Success has been reduced to how much money/wealth an individual can command whereas true merit should be recognised across a broad swathe of achievement and should include more than just money creation or academic excellence.
Merit should encompass :
· Civic Merit: Teachers, nurses, social workers, caregivers.
· Creative/Intellectual Merit: Scientists, artists, engineers, philosophers.
· Practical/Artisanal Merit: Skilled tradespeople, farmers, technicians.
· Moral Merit: Those who demonstrate exceptional integrity, compassion, and community leadership.
This is not to argue that all should be paid the same but that compensation should be more closely tied to the social value and effort of work and that society must publicly honor and celebrate diverse forms of merit.
By way of example; my daughter has a small but busy coffee shop in a lovely West Sussex park.
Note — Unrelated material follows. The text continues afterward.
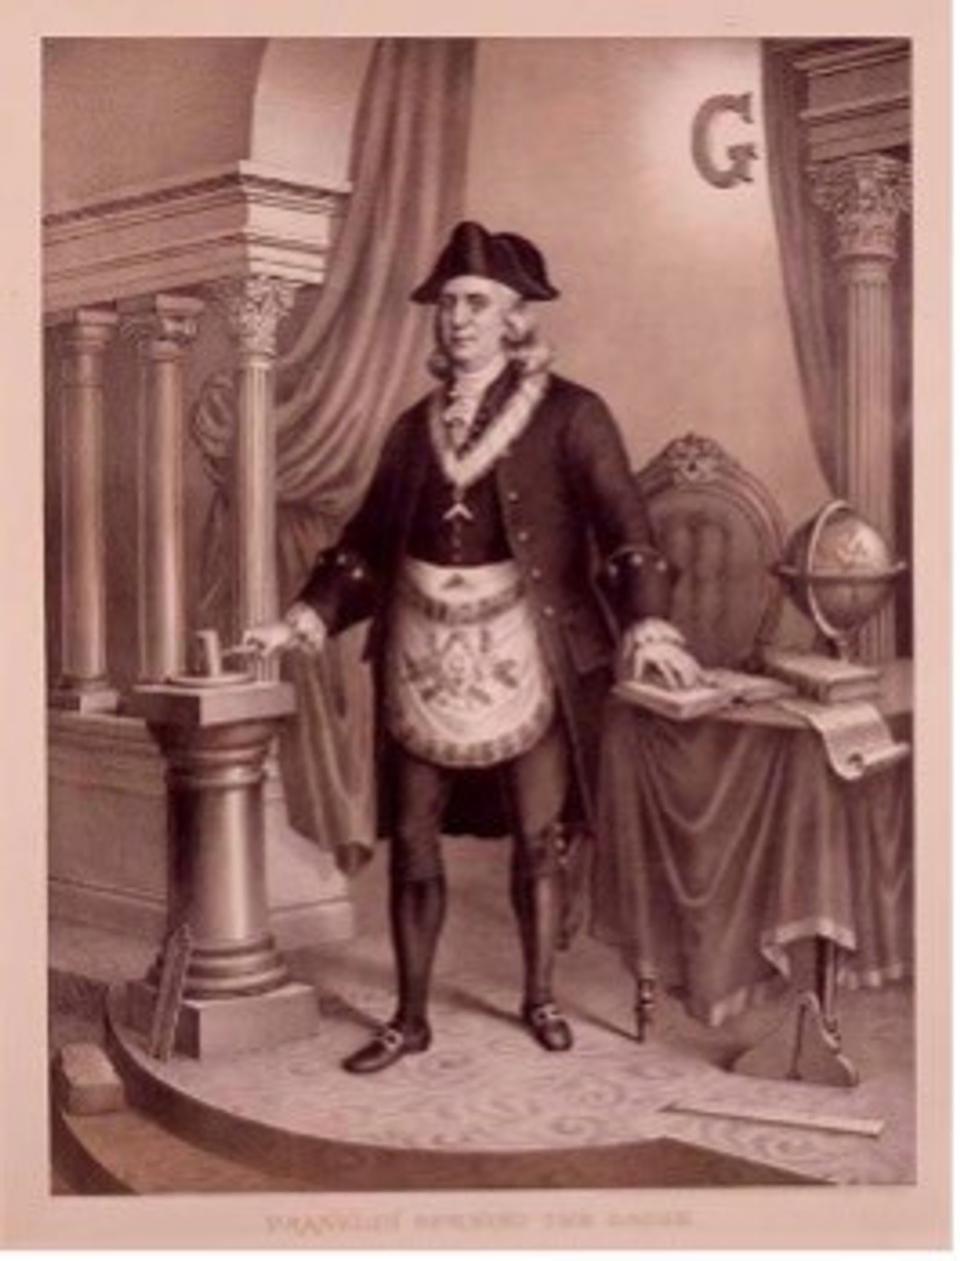 A print depicting Franklin wearing a Masonic apron, standing in a lodge room.

Through hard work she has generated a community vibe there that is enriching and, for many, a couple of hours there, just in conversation, is uplifting. However, given the area that she is in, there are a considerable number of moneyed individuals and there are a, thankful minority, that visit that carry a palpable air of superiority and entitlement. Some people just do not understand how they could, and should, contribute to a greater whole….in kindness and care.
I feel that challenging our received understanding of ‘merit’ impinges on and impacts the Politics of Care by, in part, and as you say “dismantling existing power structures that perpetuate inequality and exclusion”.
I agree
Community is so vital – and so alien to those who think they have a god-given right to walk on earth.